Pengalaman ini menjawab keraguan tentang apakah perbankan syariah harus hafal fiqih. Faktanya, yang dibutuhkan adalah pemahaman konsep dan kemampuan menerapkannya dalam dunia kerja.

Program Magang dan Sertifikat Resmi

Keunggulan lain di Universitas Ma’soem adalah adanya program magang di BPRS Al Ma’soem.

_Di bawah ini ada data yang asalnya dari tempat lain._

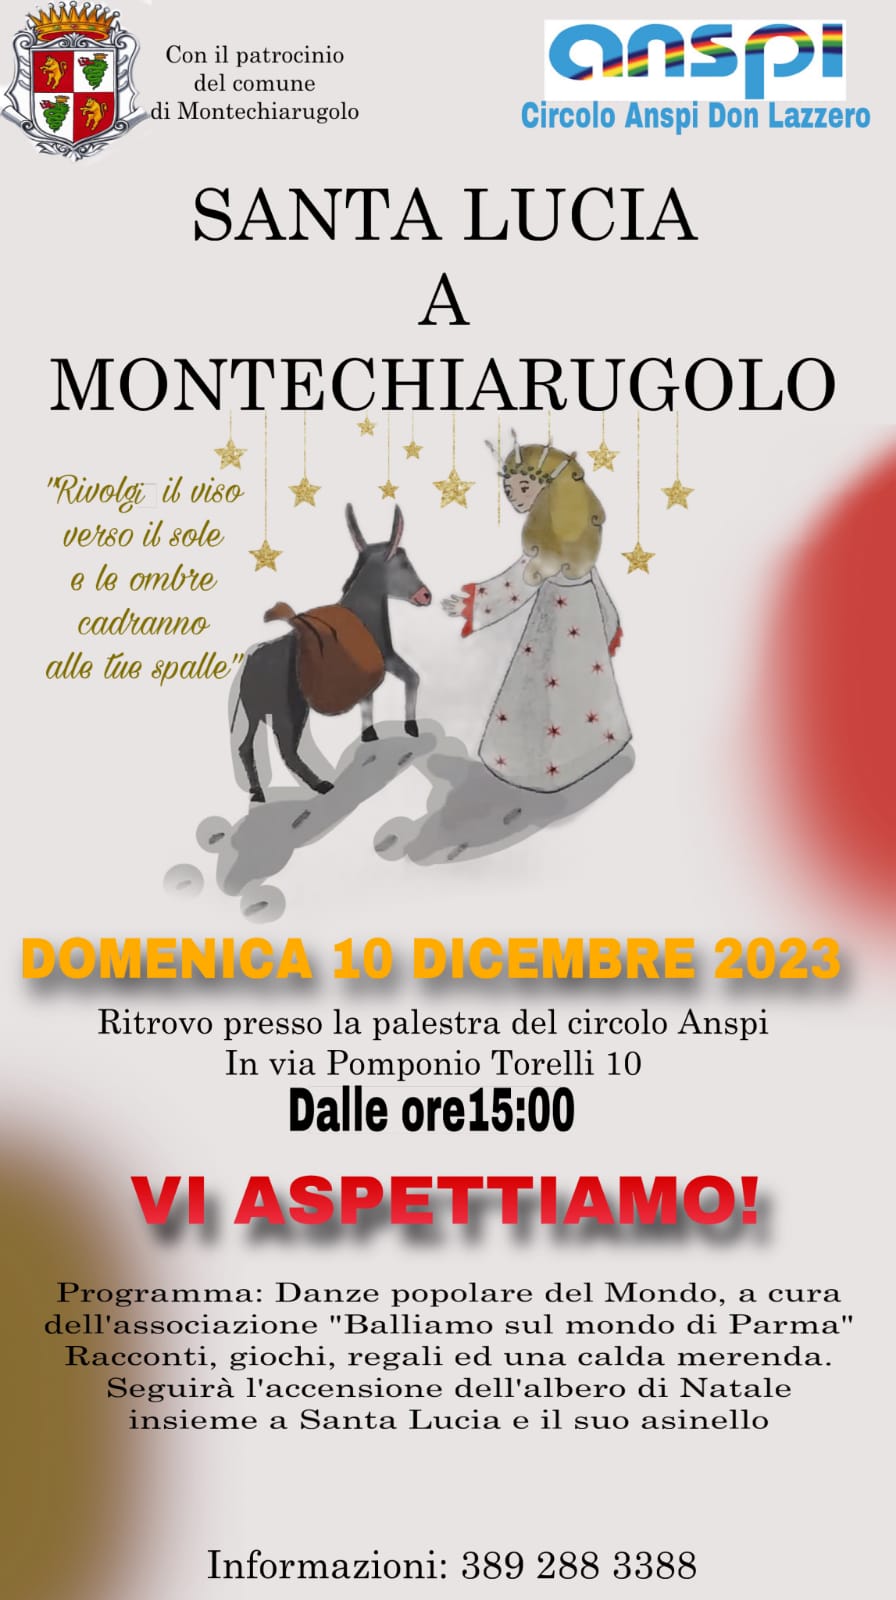 Santa Lucia a Montechiarugolo Anspi 2023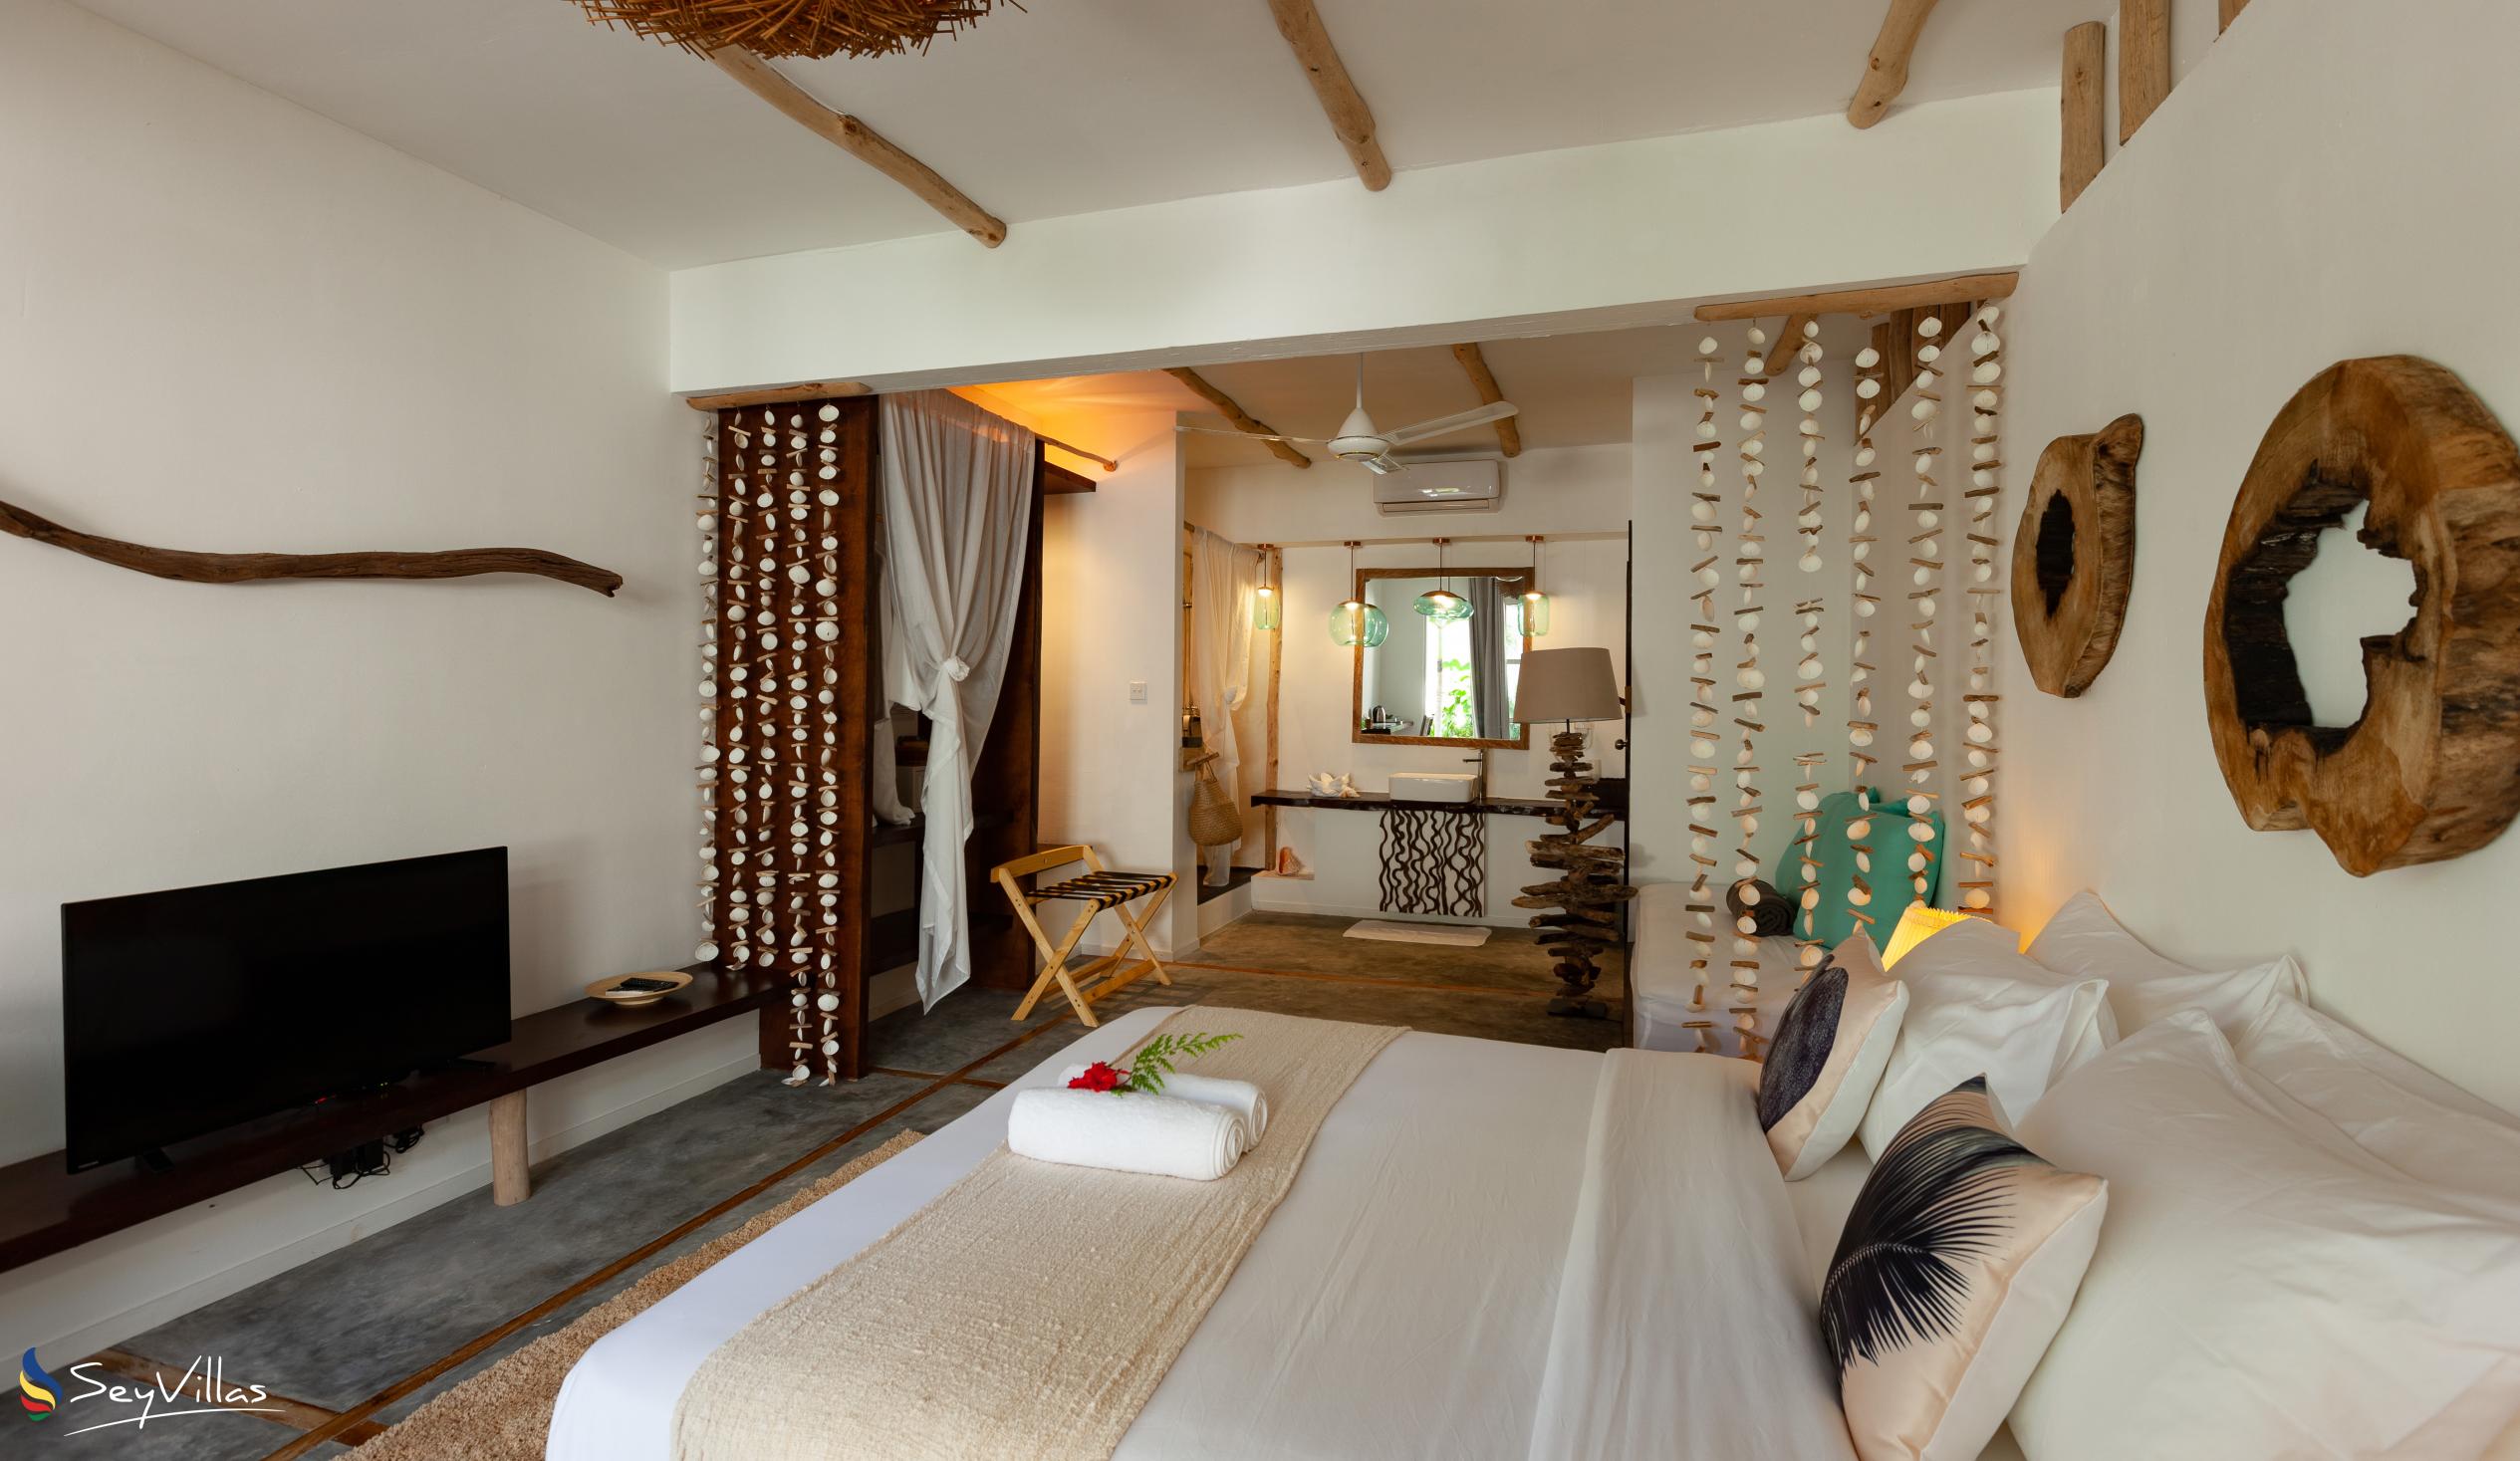 Photo 89: Bliss Hotel Praslin - Beach House - Beach Garden Room - Praslin (Seychelles)

Mahasiswa dapat magang di salah satu dari 15 cabang dan merasakan langsung dunia kerja perbankan syariah.

Selama magang, mahasiswa akan:

  • Mengamati penerapan akad dalam pembiayaan
  • Memahami administrasi dan pencatatan transaksi
  • Belajar analisis kelayakan pembiayaan
  • Melihat manajemen risiko berbasis prinsip syariah
  • Mendapatkan sertifikat resmi setelah menyelesaikan program

Sertifikat ini menjadi nilai tambah penting ketika melamar pekerjaan setelah lulus.

Fiqih sebagai Fondasi, Bukan Beban

Perlu dipahami bahwa fiqih dalam perbankan syariah berfungsi sebagai fondasi etika dan hukum. Mahasiswa tidak dituntut menjadi ustaz atau ahli fiqih, tetapi menjadi profesional yang memahami batasan dan prinsip dalam transaksi keuangan.

Dengan pendekatan pembelajaran yang seimbang antara teori dan praktik, mahasiswa akan lebih mudah memahami materi tanpa merasa terbebani oleh hafalan.

Jadi, Masih Takut dengan Fiqih?

Jika kamu masih bertanya apakah perbankan syariah harus hafal fiqih, sekarang kamu sudah tahu jawabannya. Yang dibutuhkan adalah pemahaman konsep dan kesiapan belajar, bukan hafalan mendalam seperti di bangku pesantren.

Melalui dukungan ekosistem BPRS Al Ma’soem dengan 15 cabang aktif serta program magang bersertifikat, Universitas Ma’soem memberikan pengalaman belajar yang aplikatif dan relevan dengan kebutuhan industri.

Sekarang pertanyaannya, apakah kamu akan tetap ragu karena mitos harus hafal fiqih, atau siap mengambil peluang di dunia perbankan syariah dengan pemahaman yang tepat dan pengalaman nyata sejak kuliah?